But playing the lottery is more than what makes sense. Its cheap hope. It cheap hope that for a couple of dollars you have a shot at the big win. Those who play often imagine what they would do with that money. Most of the time it is to pay off debt and then to help their family and then to give to charity in that order. And you know what? That is exactly what most winners do.
Most prizes are not the big one, most are under a thousand dollars, and many under ten thousand dollars. I have won about a thousand dollars over the years. I am still spending more than I am winning but that’s not the point. The point is believe in something more than what we often see. The problem with betting of course is that you have to know when to stop. Otherwise it’s an addiction.
I have given a lot of thought to the shootings in Florida. I might have said this tragedy was a chance, and in one sense, it is. But if we do nothing to change our gun laws in this country, these tragic chances become more and more inevitable. This is an evil for our time. A madness really, and this Purim I am recommitting now more than ever our focus on ending gun violence. This is insanity. Our real courage, our real perseverance will be in how we continue to fight this evil and make our world safe for our children, our teachers, our nation.

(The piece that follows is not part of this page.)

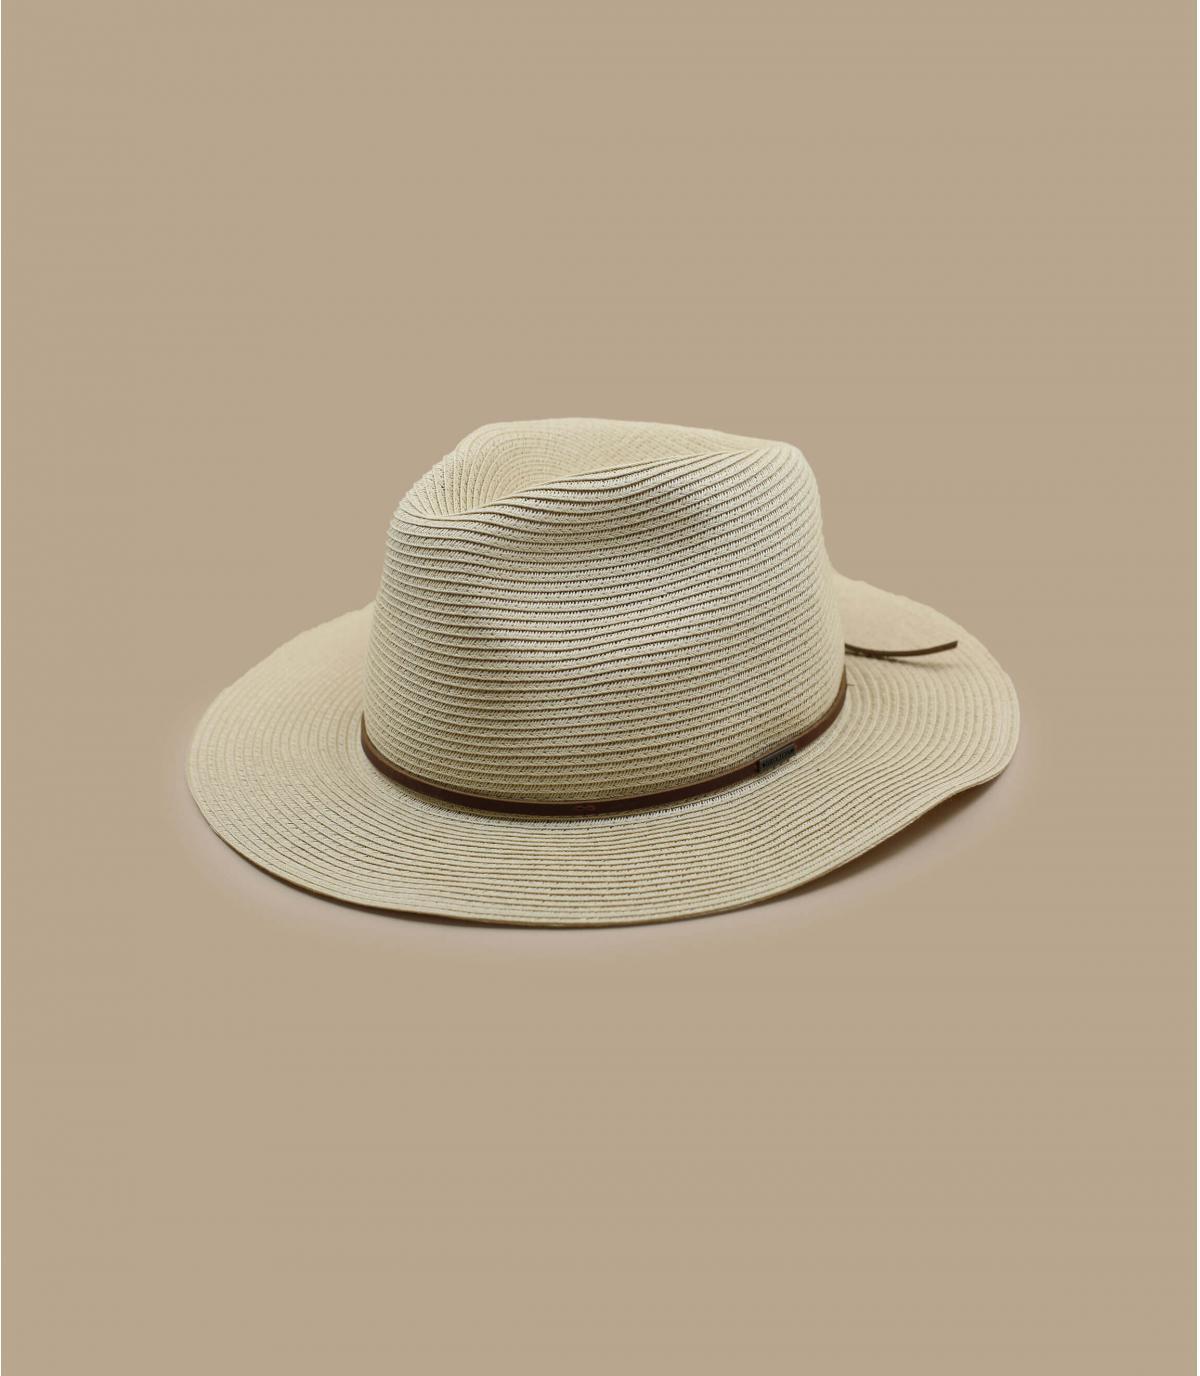 Brixton opvouwbare strooien hoed
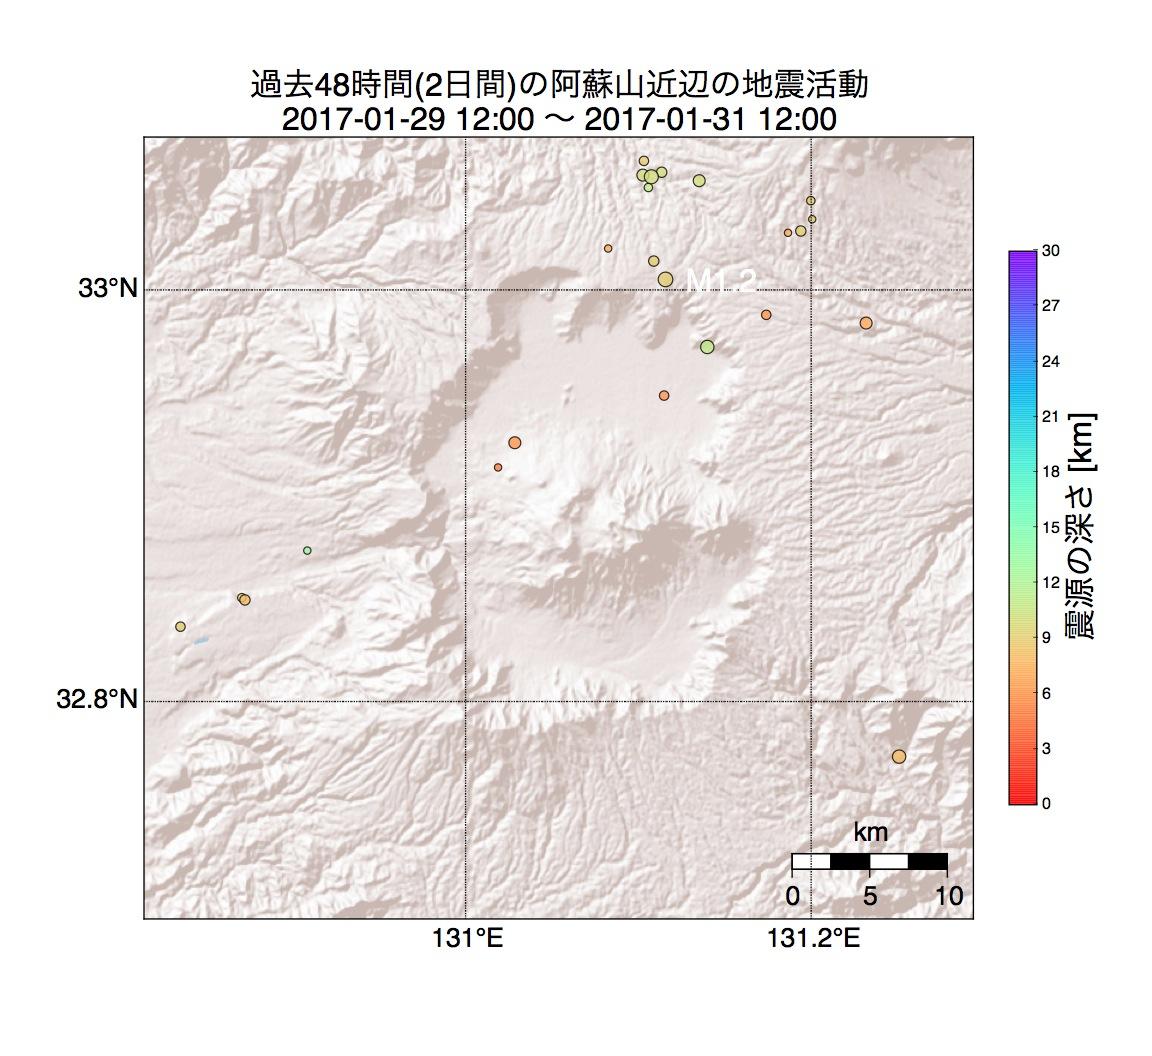 http://jishin.chamu.org/aso/20170131_1.jpg

What is it that gives us the strength to take a chance and act on nothing but hope? What is it in us that helps us come back from the edge and start again? I will tell you: It has something to do with faith. A faith that against all odds we can start again. I remember working with a couple who were having a terrible time. They had little kids and the strain was hard. They separated for a time. I was counselling the woman and trying to help but she seemed lost. She was wandering in her wilderness. She stopped coming to church, so did her husband. And then one Easter morning, lo, they both found themselves sitting in the third row. They both had this feeling that they needed to come to church that morning. And there they were, back from the edge. The die was cast. They began again.
Let me say that like Esther all of us need to take a chance. Sometimes it won’t work. Until it does. Eisenstein, Steve Jobs, Oprah Winfrey, and J.K. Rowling, all took chances, many chances and came back to try again and again. Rowling who wrote the Harry Potter series started writing on the back of paper napkins and single almost homeless mother who tried 12 times to find a publisher until Bloomsbury snatched her up. Heroism is not a one off conditions. Many, no most heroes are the ones who came to and back from the edge time and time again. Like Esther, like this couple, like those who work to end gun violence, we must embrace the paradox of suffering and hope. Neitchze said “What makes Heroic? To face simultaneously one’s greatest suffering and one’s highest hope”. (From The Gay Science) Courage is most often found at the crossroad of perseverance and hope.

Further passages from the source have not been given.